Konkret: Während sich der klassische Krautrock dem Einfluss angelsächsischer Bands verweigerte, um so eine eigene und spezifisch deutsche musikalische Identität zu entwickeln, liessen sich Hütter und Schneider für „Autobahn“ von einem Pop-Quintett inspirieren, das sie insgeheim schon immer gerne hörten – den Beach Boys. Tatsächlich sind die Ähnlichkeiten zwischen dem Song „Barbara Ann“ der Kalifornier und dem Refrain „Wir fahr’n, fahr’n, fahr’n auf der Autobahn“ unverkennbar, zumal die ersten Gesangszeilen auf einem Kraftwerk-Album auch noch wie „Fun Fun Fun“ klingen – ebenfalls ein Beach-Boys-Song.
Es sind aber die Passagen in der Mitte von „Autobahn“, die dafür sorgen, dass man Kraftwerks Krautpop-Suite wohl auch noch in weiteren 50 Jahren als musikalischen Meilenstein feiern wird: Nachdem Hütter und Schneider ihren elektronischen Klangerzeugern die Geräusche vorbeifahrender Autos inklusive Huper entlockt haben, werden sie dieser effekthascherischen Spielereien zum Glück müde und lassen über den treibenden Beats von Rhythmusmaschinen und einem sich ständig wiederholen sirrenden Bass-Bumm den Klang eines einsamen Synthesizers emporsteigen.
Zwischen Stripclubs und Dönerbuden
Nichts, was 1974 sonst noch in die Plattenläden kam, war so sehr Zukunftsmusik wie diese 145 Sekunden. Nur konsequent darum, dass Kraftwerk auf „Radio-Aktivität“ – dem fünften Album der Band vom Oktober 1975 – auf alle herkömmlichen Instrumente verzichteten und sich fortan als Produzenten von rein synthetischer und damit ausschliesslich maschinengemachter Musik verstanden.
Auch personell hatten sich die Düsseldorfer gefunden: Während Jahren in wechselnder Besetzung unterwegs, präsentierten sich Kraftwerk fortan als festes Quartett, mit Hütter und Schneider als – im Übrigen deutlich besser bezahlten – Chefs, die sich musikalisch von Karl Bartos und Wolfgang Flür unterstützen liessen. Die John, Paul, George und Ringo der elektronischen Popmusik waren geboren.
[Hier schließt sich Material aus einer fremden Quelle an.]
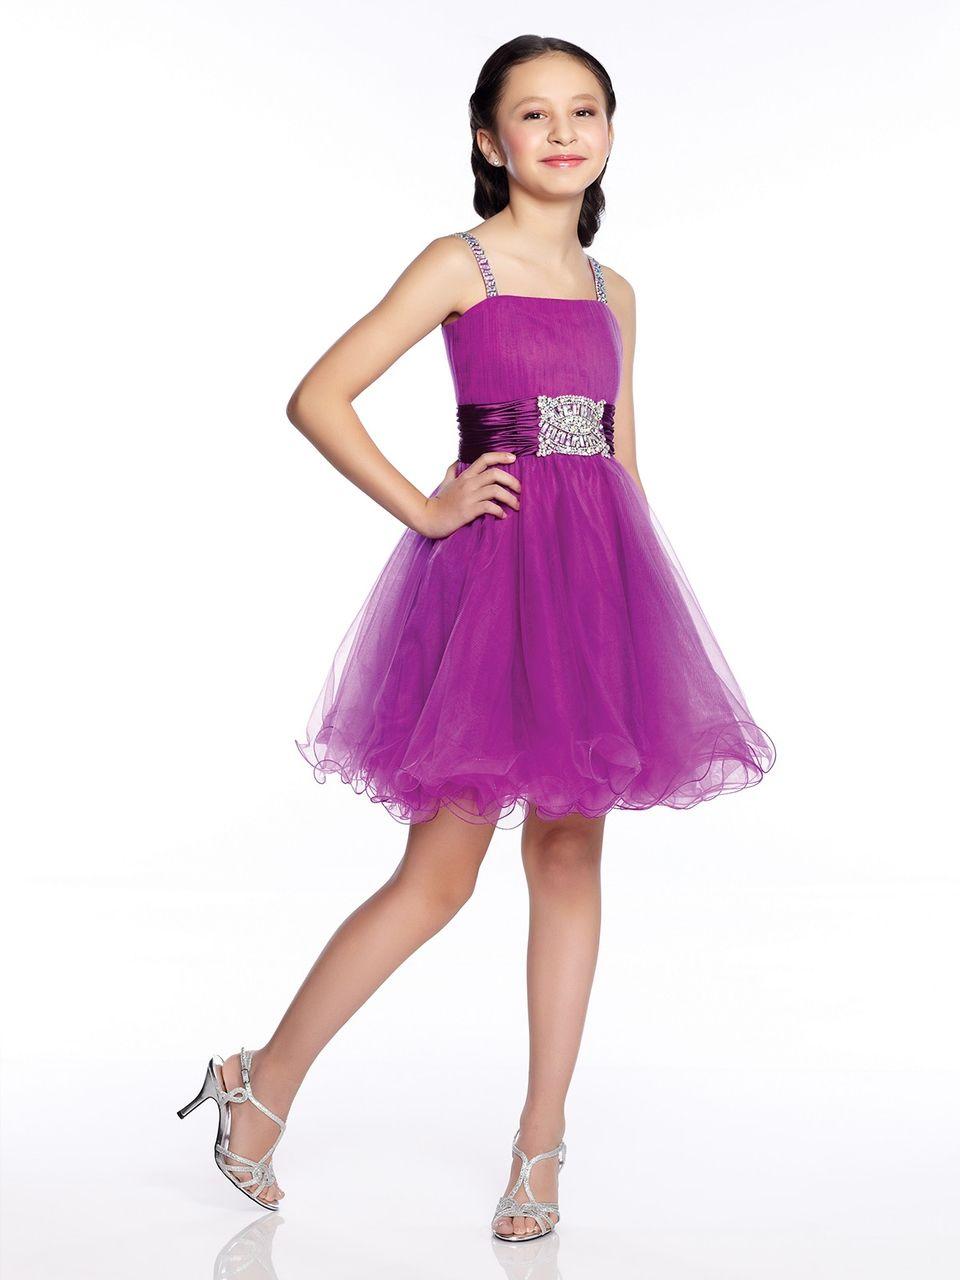 Lexie Girls Cocktail Dress Tw21546 Junior Party Dresses Dresses For Tweens Girly Dresses [ 1280 x 960 Pixel ]

Konzeptionell war „Radio-Aktivität“ weder Fisch noch Vogel, wie schon der Bindestrich im kalauernden Albumtitel offenbart. Zum einen wollten Kraftwerk die so faszinierende wie bedrohliche Kraft der Radioaktivität vertonen („Geigerzähler“, „Uran“, „Die Stimme der Energie“). Zum anderen war die Platte eine Hommage an die Magie des neuen Massenmediums Rundfunk in den 1920er Jahren, als auf einmal Radiowellen wie auf Geisterschwingen Sprache und Musik übertragen konnten („Ätherwellen“, „Antenne“, „Transistor“).
Was „Radio-Aktivität“ an konzeptioneller Konsistenz fehlte, machte das Album mit musikalischer Innovation wett, vor allem dank der kunstvollen Verfremdung von Stimmen mit Vocodern. Tatsächlich fand David Bowie – damals einer der grössten Popstars überhaupt – die neuste Veröffentlichung der Düsseldorfer so überzeugend, dass er Kraftwerk als Vorgruppe für seine nächste Tournee engagieren wollte. Auf ihre artistische Eigenständigkeit bedacht, lehnten Hütter und Schneider allerdings dankend ab und zogen sich stattdessen in ihr mittlerweile bestens ausgerüstetes Kling-Klang-Studio an der Mintropstrasse 16 im Düsseldorfer Bahnhofsviertel zurück, um dort zwischen Stripclubs und Dönerbuden an ihrem nächsten Album zu arbeiten.
Biedere Musik-Laboranten
Es wurde ihr erstes Meisterwerk. Mit Melodien, die an die späte Romantik und frühe Moderne, allen voran Debussy und Schuberth, erinnerten, evozierte „Trans Europa Express“ – erschienen im März 1977 – wie „Autobahn“ eine Reise. Allerdings nicht durch Deutschland im PKW, sondern durch Europa im Zug.
„Düsseldorf ist nur 20 Minuten von Holland entfernt“, kommentierte Ralf Hütter das Konzept der neuen Platte, „wenig mehr als eine halbe Stunde von Belgien und kaum zwei Stunden von Frankreich.“ Vielleicht wurde „Trans Europa Express“ aber auch schlicht durch genau jene Konzerttournee inspiriert, an der Kraftwerk partout nicht mitwirken wollten – die für David Bowies neues Album „Station to Station“.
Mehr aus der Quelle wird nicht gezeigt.